═════ STORED DATA ═════
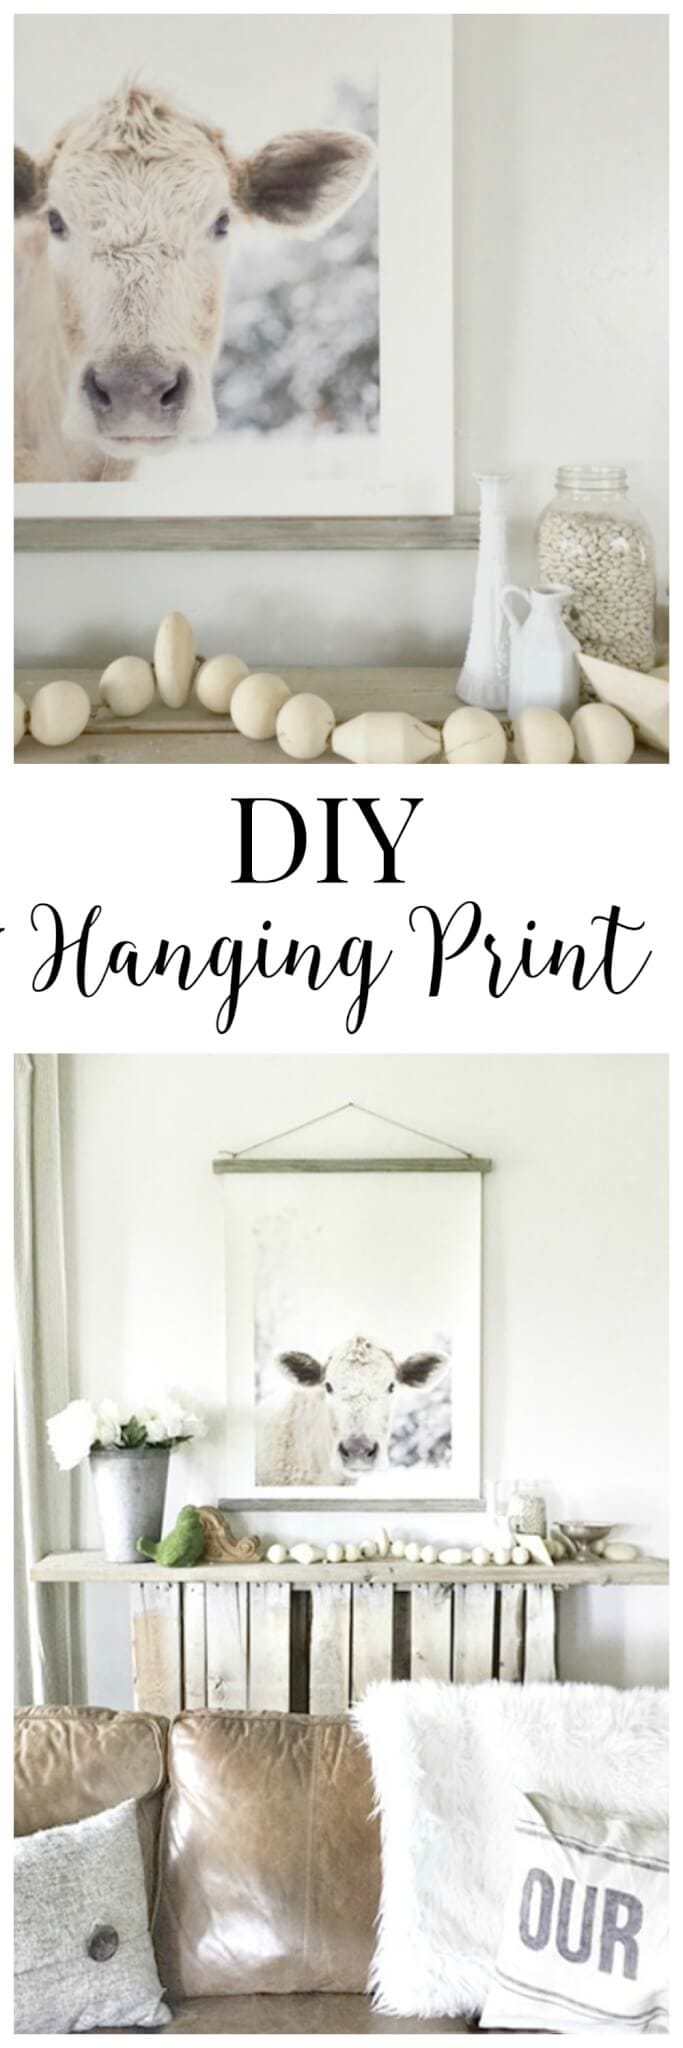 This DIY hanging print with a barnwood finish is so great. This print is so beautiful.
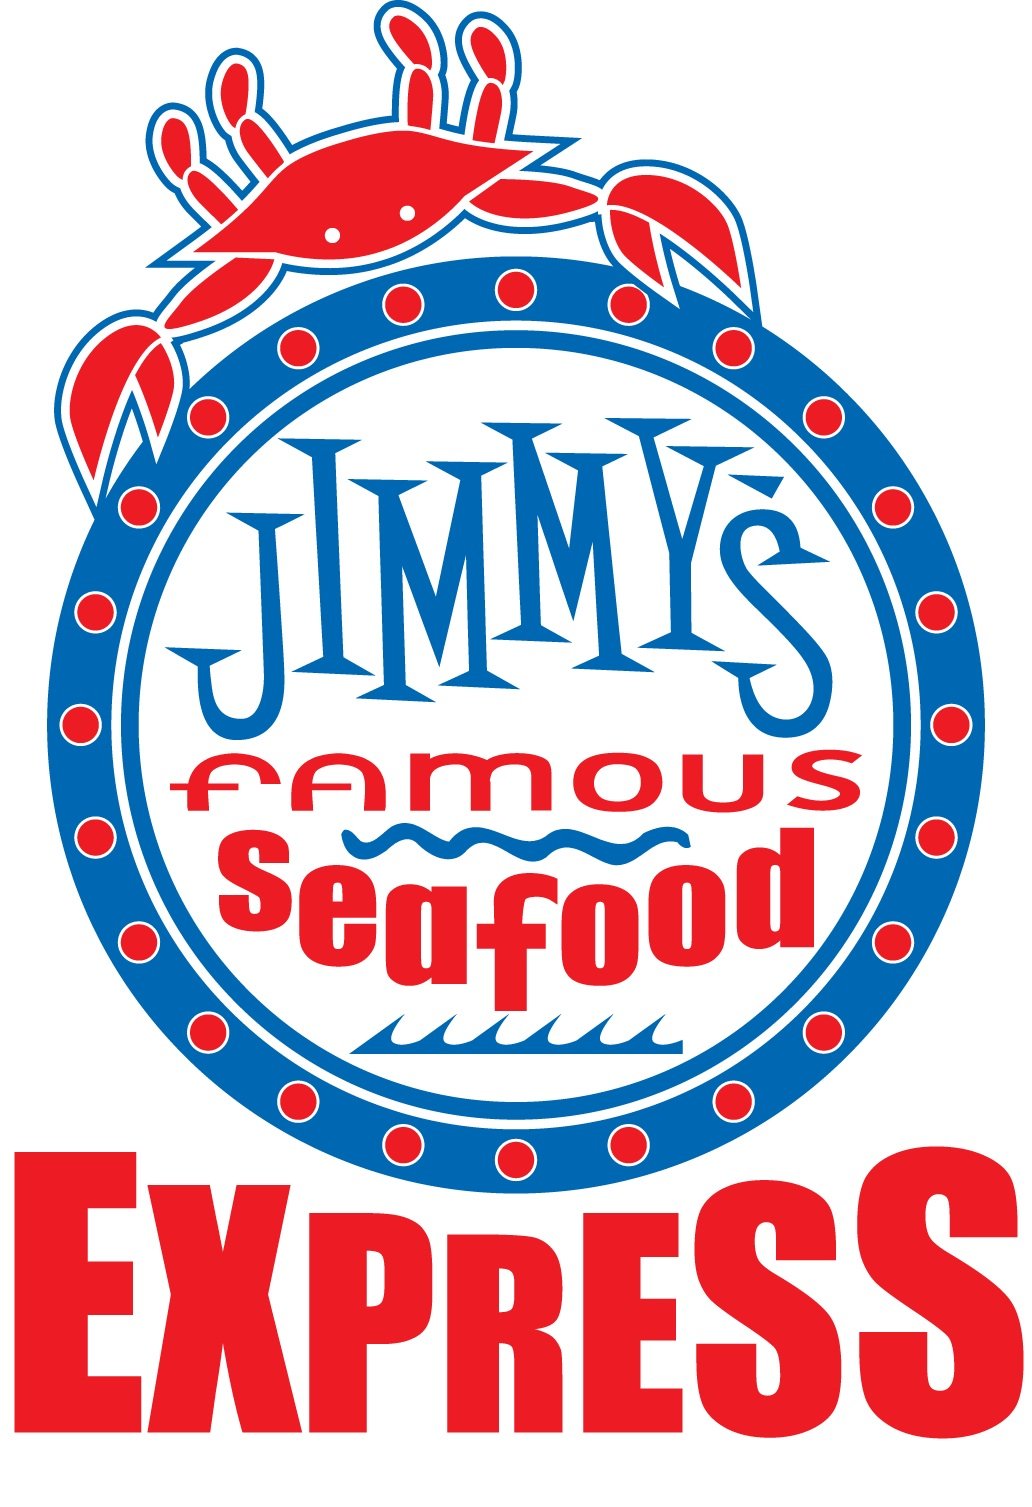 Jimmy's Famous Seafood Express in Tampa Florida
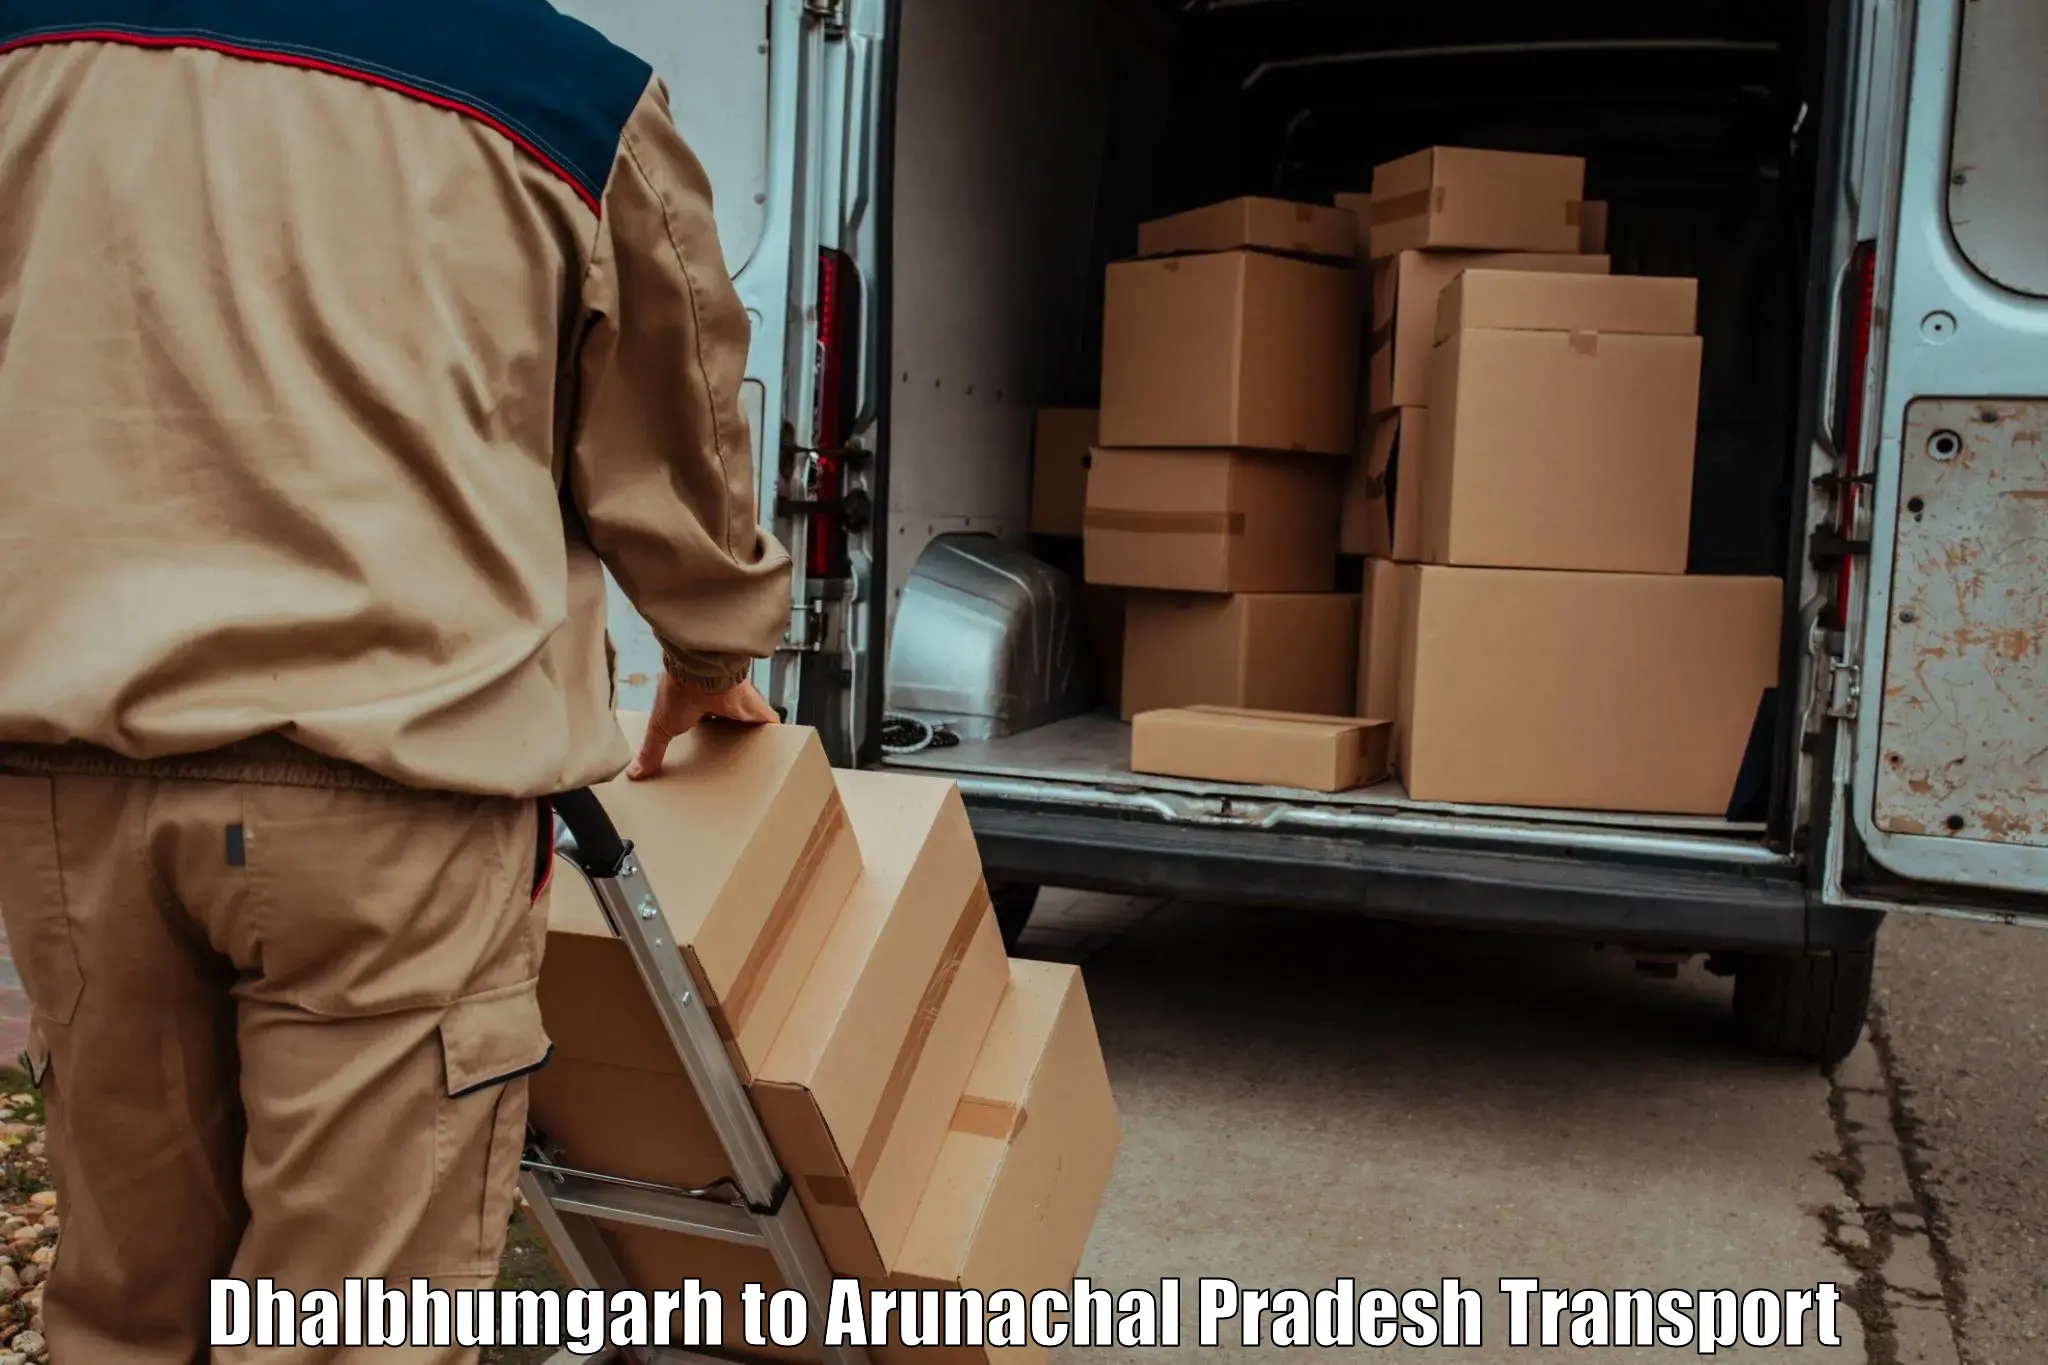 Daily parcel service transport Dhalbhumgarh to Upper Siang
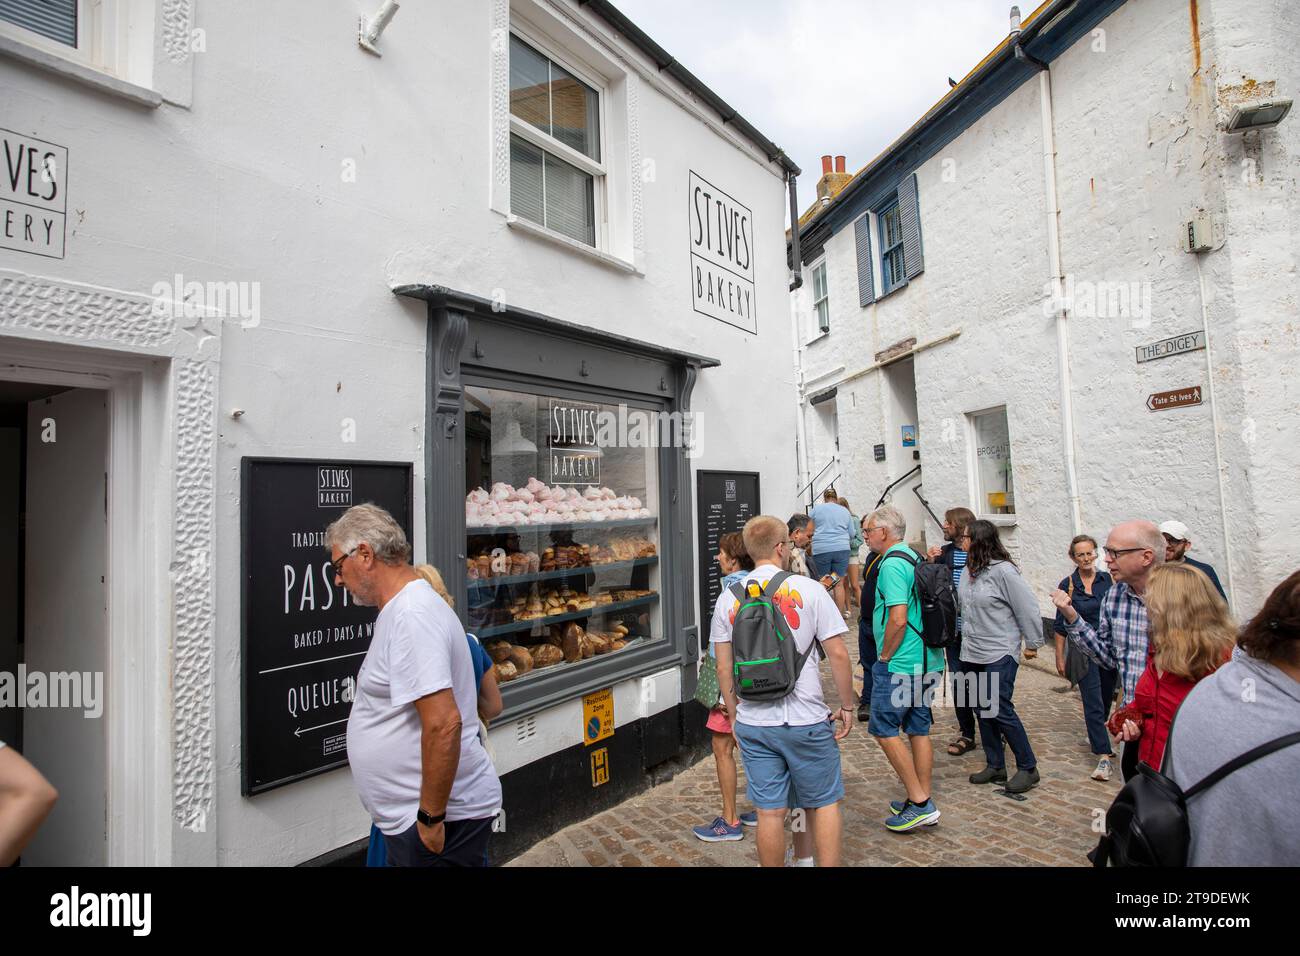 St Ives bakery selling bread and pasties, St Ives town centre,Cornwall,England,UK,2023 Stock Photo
═════
**EXERCISE:**
Extract the run of lines from the line holding "Jimmy's Famous Seafood" through the final line of the material above, exactly and inclusively. Leave the pictures behind.

**PROBLEM SOLUTION:**
 Jimmy's Famous Seafood Express in Tampa Florida
 Daily parcel service transport Dhalbhumgarh to Upper Siang
 St Ives bakery selling bread and pasties, St Ives town centre,Cornwall,England,UK,2023 Stock Photo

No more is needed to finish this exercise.